Copyright (C) 2024-2026 Brigitte Bigi, CNRS - Laboratoire Parole et Langage, Aix-en-Provence, France

This program is free software: you can redistribute it and/or modify
it under the terms of the GNU Affero General Public License as published by
the Free Software Foundation, either version 3 of the License, or
(at your option) any later version.

This program is distributed in the hope that it will be useful,
but WITHOUT ANY WARRANTY; without even the implied warranty of
MERCHANTABILITY or FITNESS FOR A PARTICULAR PURPOSE.  See the
GNU Affero General Public License for more details.

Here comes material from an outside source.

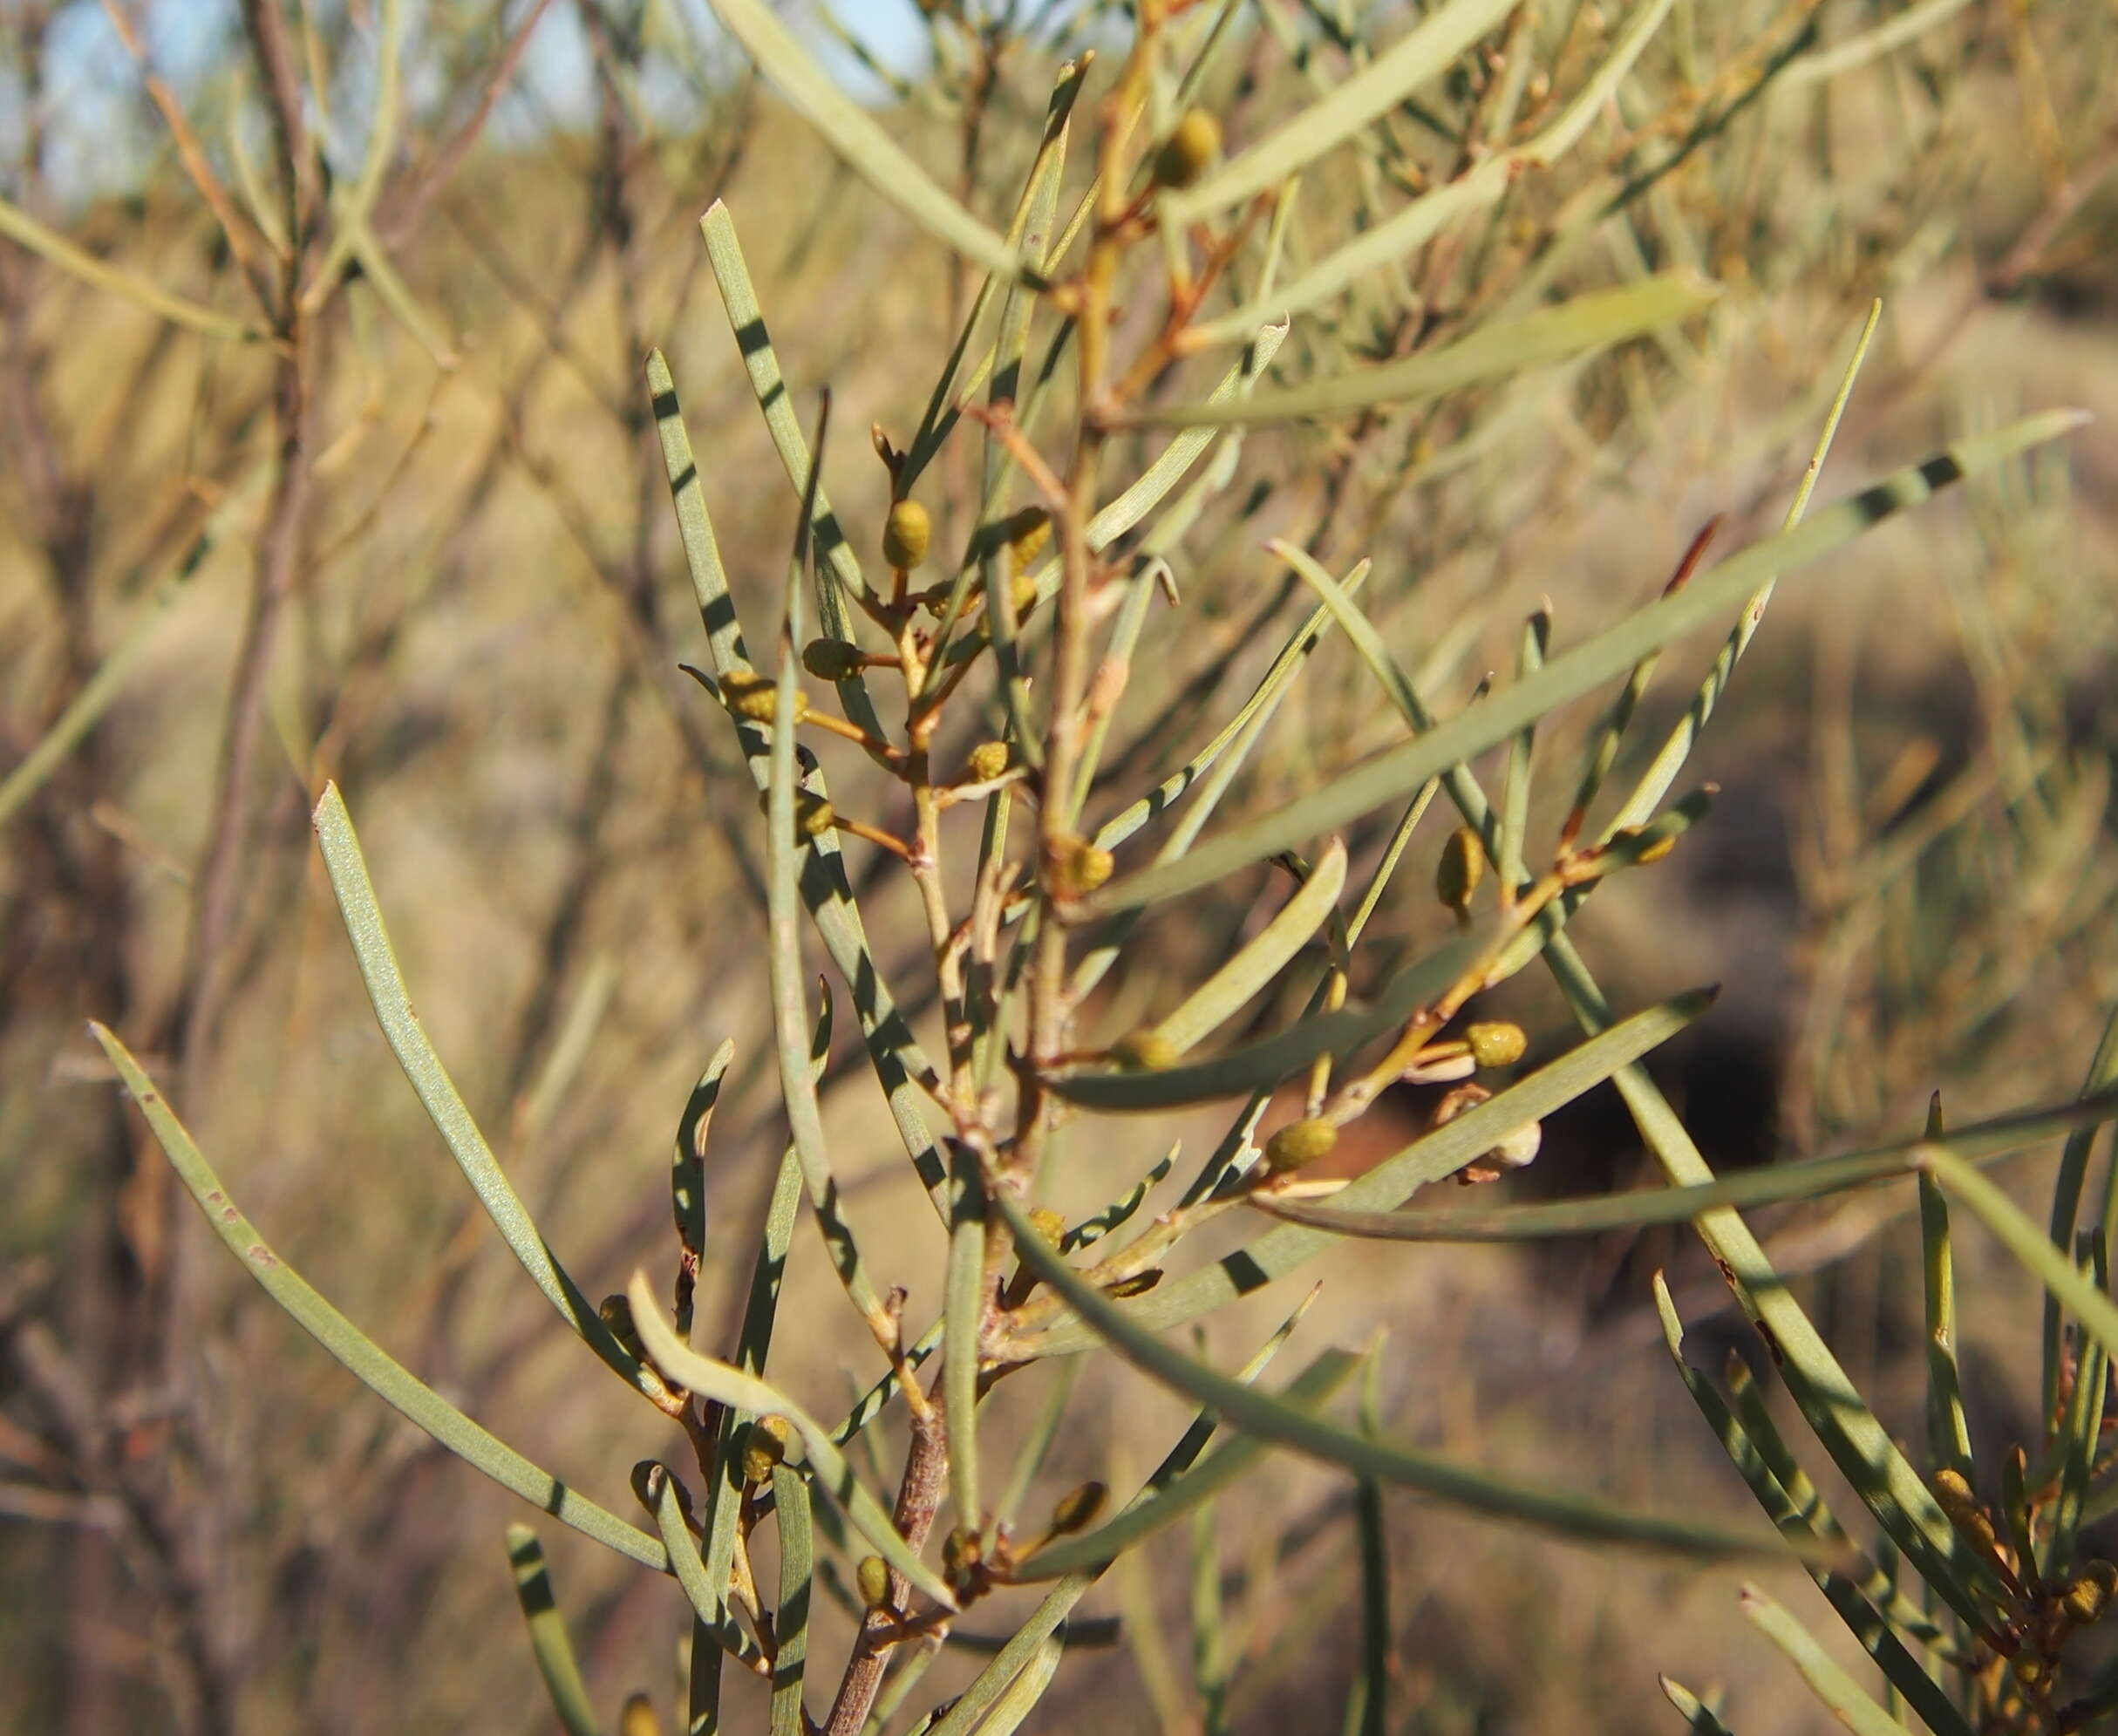 Image of Acacia trachycarpa E. Pritz.

You should have received a copy of the GNU Affero General Public License
along with this program. If not, see <https://www.gnu.org/licenses/>.


## Changes

- Version 0.1: 

    * Initial version, extracted from SPPAS 4.17.
    * A few self-implemented functions into AudioFrames() instead of using 'audioop' standard library.
  

- Version 0.2:

    * Self-implemented functions into AudioFrames(), except for resample() which is only partially self-implemented.
    * Added function clip() in AudioFrames().
    * Added the error number 2090: NumberFramesError.
    * Updated scripts.


- Version 0.3:

    * Self-implemented resample() is continued: it works with output=16kHz, input=(32kHz, 48kHz).


- Version 0.4:

    * Include the full implementation of the Search for IPUs algorithm - migrated from SPPAS.
    * License changed from GPL, v3 to AGPL, v3.


- Version 0.5:

    * A `resample()` function is implemented
    * The `po` folder migrated into 'audioopy' in order to be included to the whl
    * The `scripts` folder migrated into 'audioopy'
    * new script `audiomixer.py` allowing to create an all-in-one audio channel from several audio files
    * new script `audiofragment.py` allowing to extract a fragment of audio
    * new script `audioresample.py` allowing to resample an audio
    * new script `audioipus.py` allowing to search for IPUs in an audio
    * Test coverage is 79%

- Version 0.6:

    * Corrected bugs in 'mul' and 'bias' of ChannelFormatter()
    * Increased tests coverage to 82%
    * The documentation makes use of Clamming-2.0 and Whakerexa-1.0.

- Version 1.0:
    * `AudioFrames` is now a **100 % pure-Python drop-in replacement for `audioop`**:
      all 26 public functions of the removed standard library are available.
      - New methods: `add`, `avgpp`, `maxpp`, `findfit`, `findmax`, `tomono`, `tostereo`,
        `lin2ulaw` / `ulaw2lin` (G.711 µ-law), `lin2alaw` / `alaw2lin` (G.711 a-law),
        `lin2adpcm` / `adpcm2lin` (IMA/DVI ADPCM).
      - Fixed stubs: `byteswap`, `findfactor`, `reverse` (previously raised `NotImplementedError`).
    * New `audioopy.audioop` compatibility module: zero-code-change drop-in replacement.
      Only the import line needs to change — all 26 function signatures and return types are identical.
    * Added migration table `audioop` → AudiooPy in the README.
    * **Performance**: all sample-iterating methods (`rms`, `avg`, `minmax`, `cross`, `clip`,
      `mul`, `bias`, `add`, `reverse`, `findfactor`, `avgpp`, `maxpp`, `findfit`, `findmax`,
      `tomono`, `tostereo`, `change_sampwidth`, and all codec encode/decode methods) now use
      bulk `struct.unpack` / `struct.pack` instead of per-sample calls — ~5–10× faster on the
      IPU detection path, ~3–5× on transform methods. No external dependency added.
    * `SearchForIPUs`: new `max_ipu_dur` parameter (via `set_max_ipu()`). When a track exceeds
      this limit, `get_tracks()` automatically re-segments by progressively lowering the minimum
      silence duration. Script `audioipus.py` exposes it as `-x`.
    * Fixed `resample()`: removed the dead fallback to the removed `audioop` standard library.
      `_re_sample()` now falls back to `_ratecv()` for unsupported rate pairs instead of
      raising `NotImplementedError`.
    * Test coverage increased to 94%.
    * `aio` package: pure-Python AIFF / AIFF-C and AU / SND readers and writers,
      replacing the `aifc` and `sunau` standard library modules removed in Python 3.13.
      Supported formats: AIFF (big-endian PCM), AIFF-C (`NONE` and `sowt` variants),
      AU 8/16/32-bit PCM. The `AudioFactory` and `aio.open()` / `aio.save()` API are unchanged.
    * WAV: float32 and float64 WAV files (IEEE 754, format tag 3) are now read transparently
      instead of crashing. Samples are converted to int16 on the fly; no external dependency.